In the Real Estate field, there are three immutable truths regarding the sale of buildings and property (especially in the commercial class). They are location, location and location. We are continually told that the church is not all that much different other than in the name of the critical element: people, people and people. John Maxwell says it repeatedly, Rick Warren echoes it in his Purpose Driven Life and virtually every “expert” who conducts a seminar reiterates it. Thus, just about everyone has sought to emphasize it and replicate those places where it is apparently, at least, practiced.
Sounds great doesn’t it? But I am more and more convinced that many churches which claim it as a mantra, ignore it as a practice. If the Lord Jesus is the perfect example in all things, then most churches have a long way to go in regard to relating and ministering to people as important individuals.
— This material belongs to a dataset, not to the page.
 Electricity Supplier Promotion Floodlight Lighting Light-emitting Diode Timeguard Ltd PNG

I have mentioned on several occasions an example set with the man we know as the “Maniac of Gadara.” Jesus crossed the Sea, dealt with one man, and then re-crossed the sea. Evidently, even one person was important enough for a three day excursion. Equally significant to me, however, is the fact that it is almost impossible to find any two instances in which he dealt with the people to whom He ministered in exactly the same way. He touched some; He spoke to others; in some cases His presence seems necessary; in others, He merely spoke words of healing, etc., and it was done. This consistent variety gives us the impression that He was not only interested in people, but that He took time for them and recognized the incredible differences between individuals (and took them into account in His manner of ministry).
And that’s what we do in the local church, right? Unfortunately, wrong! We have allowed other considerations to creep in, taken our cues from the business world and even decided that, although He always had time for individuals, our culture is just too crowded and fast-paced to allow us to do the same. Unconsciously – and likely without evil intent – we have allowed other factors to become involved. The following are just three examples of what has happened to make our claims of “people consciousness” more hollow than resonant.
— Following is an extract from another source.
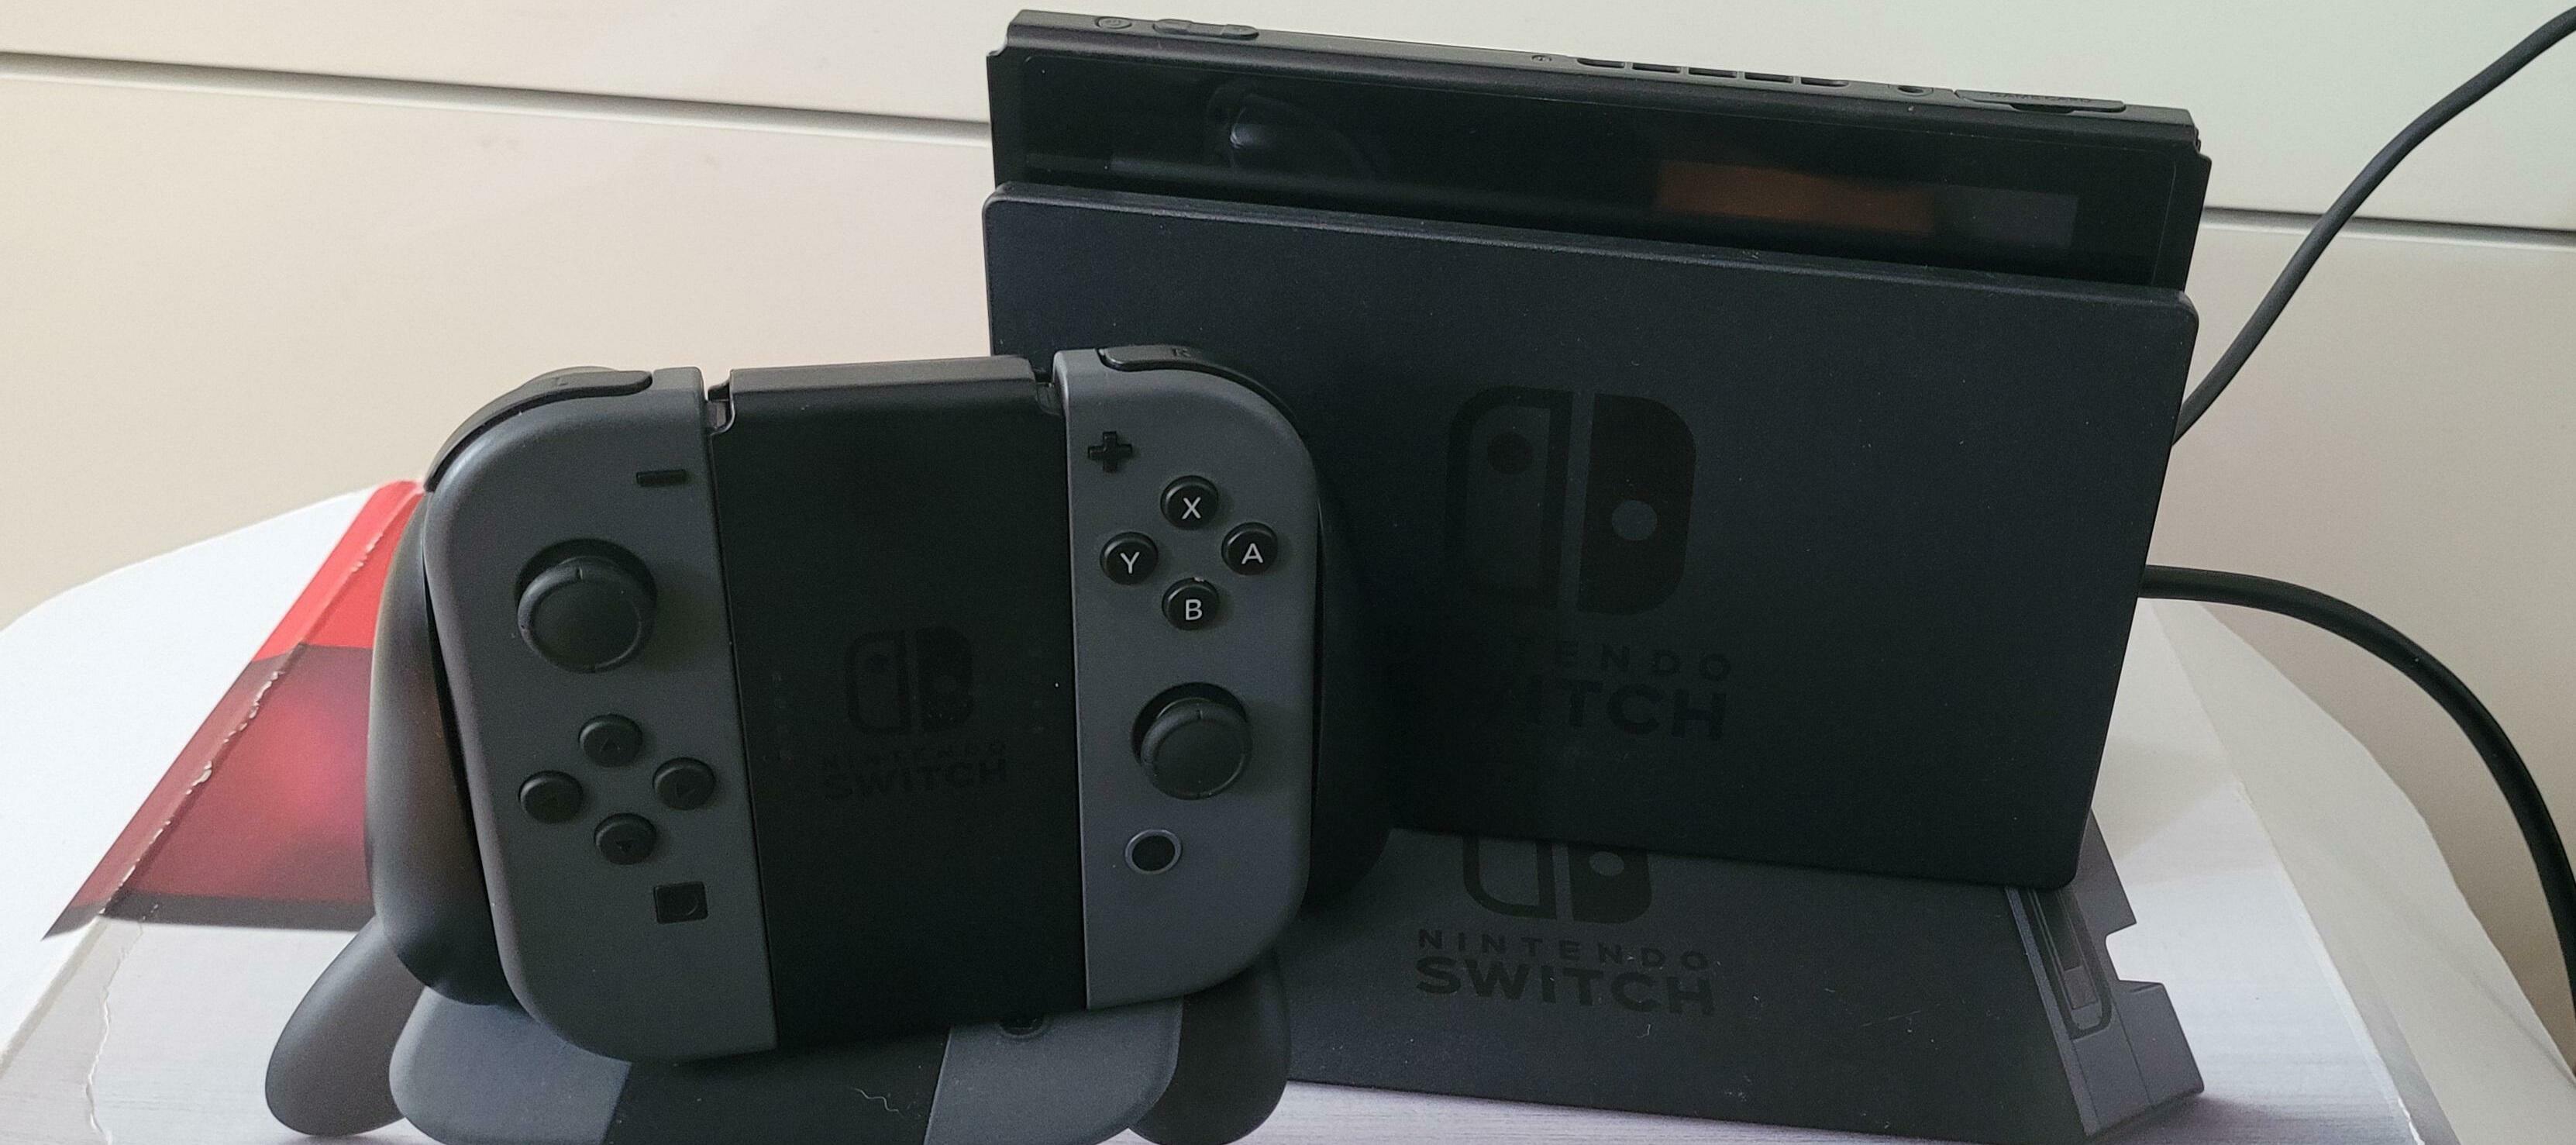 Testbericht Nintendo Switch, Abbruch / Aufgabe nach 24h

We are caught up in procedures. We’re big and we’re busy and we just must set certain procedures in place or we just won’t get things done. If you or your need don’t happen to fit into the procedure involved, either you are out of luck or you will have to try again sometime later. I once had a procedure in place for screening phone calls. I didn’t have time to talk to salesmen, those who chose not to identify themselves or even to missionaries that were seeking meetings or support. Would Jesus have done so? I think not, and I sincerely regret the obvious opportunities to share Christ or be a blessing to someone who was excluded by my procedure. Someone comes by to purchase or order a Bible but doesn’t have the money with him to pay for it. We tell him to come back when he does because after all, we can’t risk having any Bibles around that haven’t been paid for (we also never seem to take into account that the person may not even have the money for the Bible much less have it with Him). I really don’t think Jesus worried that much about such things; better that someone be turned away (and even offended) than that we violate our precious procedures.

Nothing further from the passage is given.